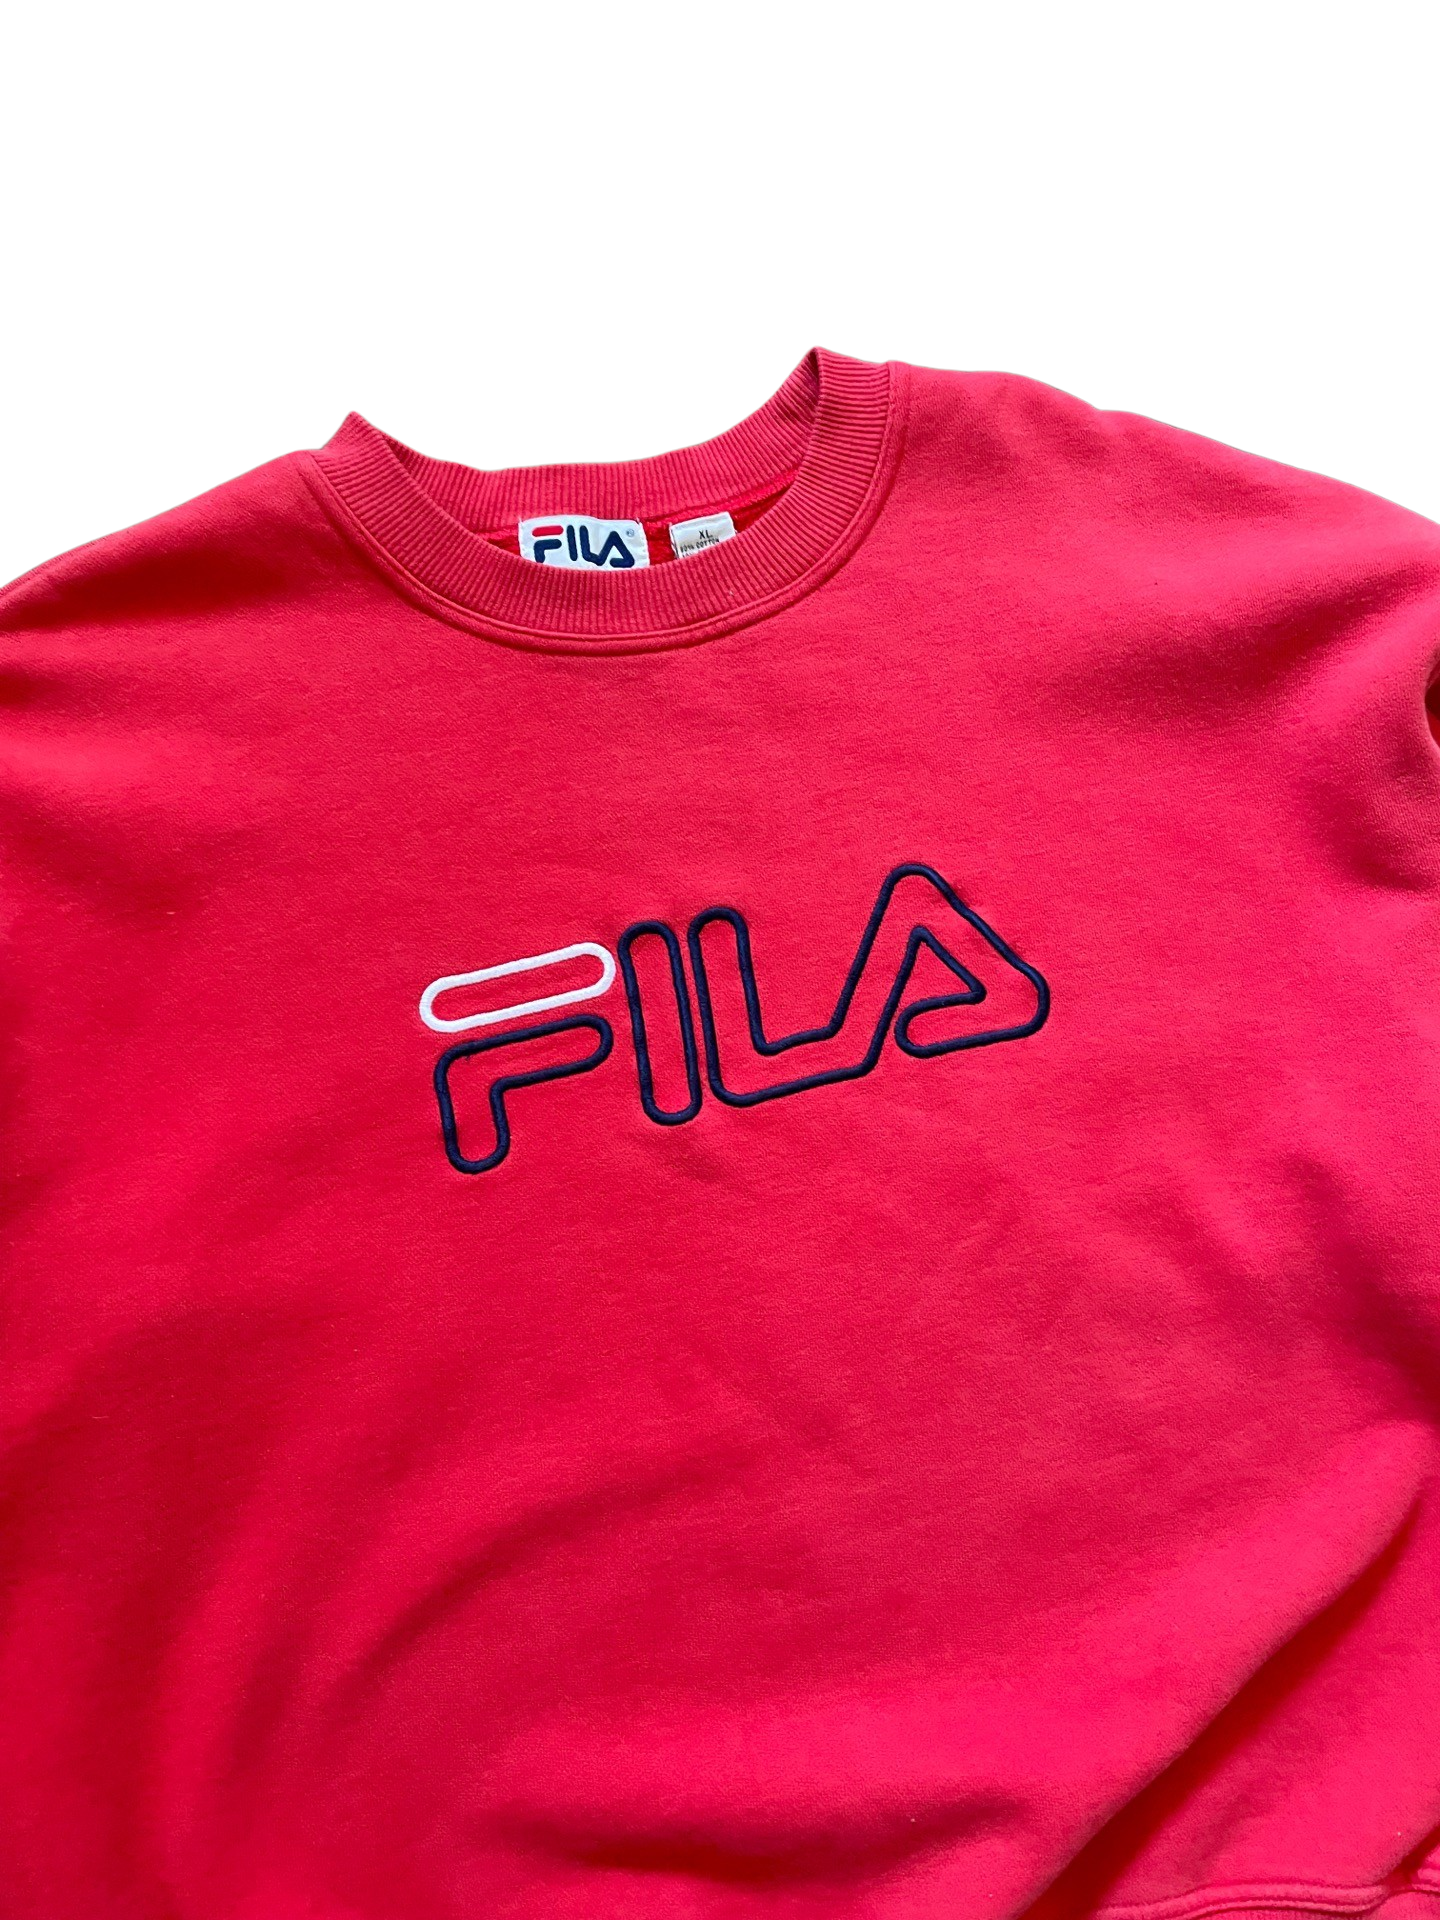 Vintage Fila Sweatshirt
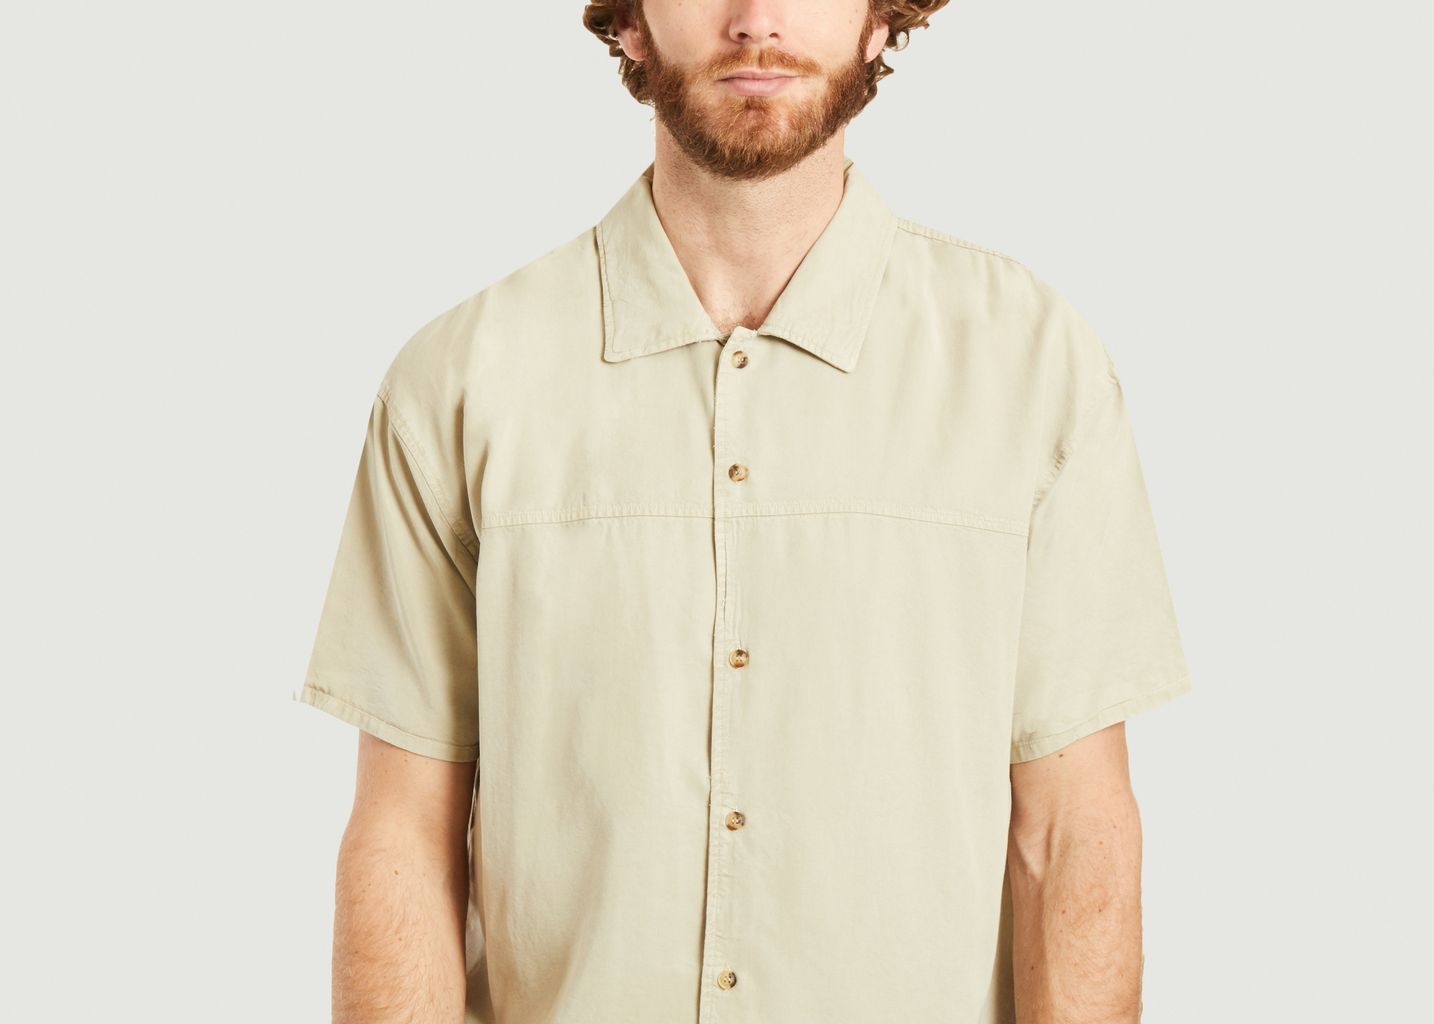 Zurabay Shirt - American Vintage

* * *

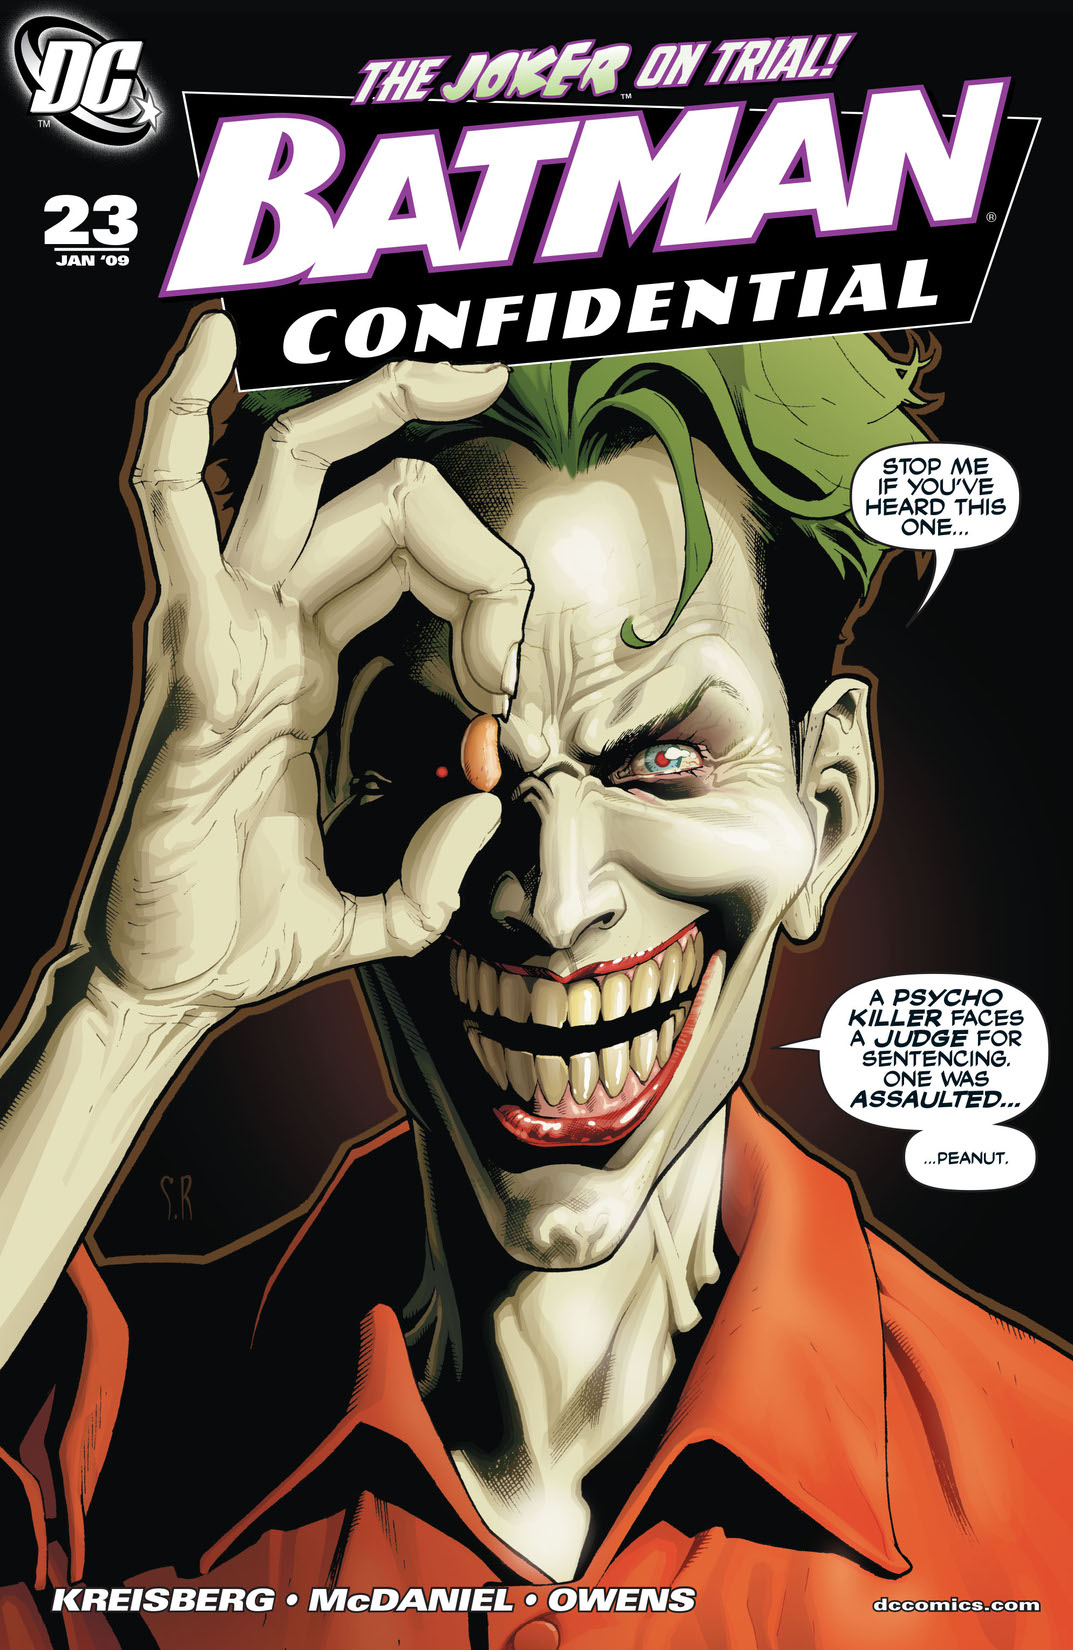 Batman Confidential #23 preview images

**Your task:**
Out of the records above, set down only the lines from the one that contains "Vintage Fila Sweatshirt" through the one that contains "Zurabay Shirt - American Vintage", unchanged and without the pictures.

**Task response:**
 Vintage Fila Sweatshirt
 Zurabay Shirt - American Vintage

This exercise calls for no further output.